Remonter la Marne, Jean-Paul Kauffmann
Remonter la Marne, mars 2013, 265 pages, 19,50 €
Ecrivain(s): Jean-Paul Kauffmann Edition: Fayard
Qu’y a-t-il de commun entre la passion du Saint-Emilion, l’arôme du cigare et l’idée baroque de remonter la Marne à pied de son embouchure jusqu’à sa source ? Jean-Paul Kauffmann !
Car cet honnête homme s’est mis en tête de suivre, à pied, la berge sur les quelque 500 kilomètres que compte cette rivière.
Enfin un livre né sous la plume d’un véritable écrivain, qui a du style, le sens de l’observation et qui se fiche pas mal de la mode.
Amie lectrice, ami lecteur, tu ne le sais pas mais la Marne recèle bien des trésors et bien des mystères. L’auteur nous en dévoile quelques uns. Ce n’est pas la Marne qui se jette dans la Seine mais la Seine qui se jette dans la Marne.
La Marne, du latin matrona, c’est la seule rivière de France qui pourrait briguer le titre de fleuve.
Au fil de son périple, Kauffmann croise des gens étranges : le nautonier de l’île des loups qui ressemble à Charon qui conduisait les morts sur l’Achéron. C’est sur cette île que vit Jeanne, une vieille amie de l’auteur, plasticienne et sculptrice qui refuse d’expliquer le sens de ses œuvres. « L’artiste n’a pas à donner ses clefs. D’ailleurs il ne les a pas. On ne peut pas tout avoir : la faculté d’inventer jointe à celle d’interpréter » (p.32).
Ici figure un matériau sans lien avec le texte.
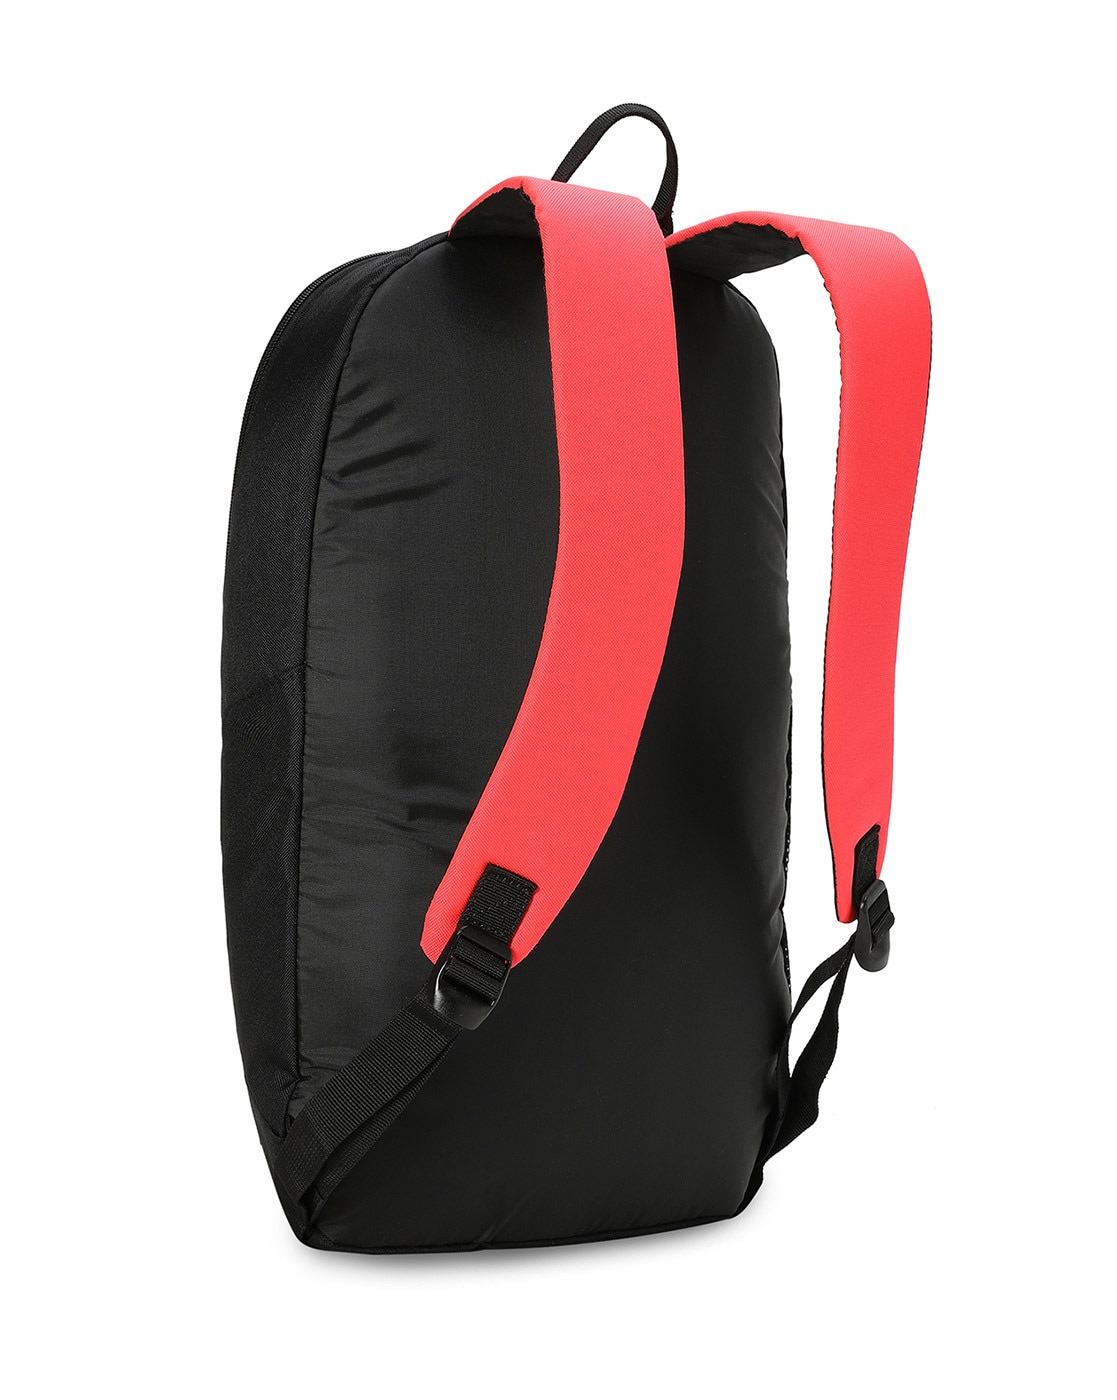 NewFeel Abeona 10L Backpack Pink : Amazon.in: Fashion

Il peut aussi faire de mauvaises rencontres. Avec une journaliste parisienne, qu’il a le bon goût de ne pas nommer, qui « s’est taillé une réputation dans la profession pour ses interviews percutantes d’hommes politiques » (p.207). Elle est venue à Saint-Dizier observer un ministre (innommable lui aussi) dont elle écrit la bio. Elle fait honneur à la capitale :
« – C’est dingue ton histoire de Marne. Qu’est-ce que tu peux bien écrire là-dessus ? Tous ces bleds glauques… Cette France profonde déprimante… T’es vraiment maso ».
Mais il la mouche gentiment :
« – La Marne est un être vivant, complexe. Elle essaie de tromper l’adversaire. Comme tes hommes politiques ».
Jean-Paul Kauffmann possède l’art de la transition sans transition. Rencontre-t-il un asiatique qui randonne comme lui et qui sort une bouteille de champagne de son sac pour trinquer qu’il songe aux adieux de la Malmaison. Il ne reverra jamais cet homme comme Napoléon sait qu’il ne verra plus la chambre où Joséphine est morte (p.87).
Car, chez Kauffmann, tout est bon pour évoquer ses deux marottes : le pinard et Napoléon. Et cela tombe à pic : la Champagne Ardenne que traverse la Marne a vu se dérouler les dernières batailles de la campagne de France de 1814. Et elle est aussi le lieu où poussent bien des vignobles de Champagne, notamment ceux situés aux alentours de la ville d’Aÿ bien connue des cruciverbistes.
Alors il en profite pour picoler quelques bulles en véritable amateur : régulièrement mais en petites quantités. Que ce soit dans le département de la Marne ou celui de la Haute Marne, les autochtones, même les mois aisés, ont toujours une bonne bouteille à boire avec lui.
Après sept semaines et un ultime arrêt à Joinville-en-Vallage où les ducs de Guise firent édifier un château à l’Italienne au 16ème siècle, il atteint son but : la source de la rivière qui émane d’un bloc détaché de la falaise. « Dans cette vasque qui n’a jamais vu le jour, le cœur de la Marne commence à battre. Ce rocher monumental qui donne la vie a l’air d’une idole ». Elle lui murmure : « Enfin tu es là. Tu en as mis du temps ».
Mais laissons à Jeanne, la plasticienne de l’île des loups, le soin de tirer la conclusion à propos de la Marne : « Au fond, tout cela n’est que de la flotte ». Ah… ça ne vaut pas un verre de Saint-Emilion mais 260 pages de flotte comme ça, on peut s’y plonger avec délectation.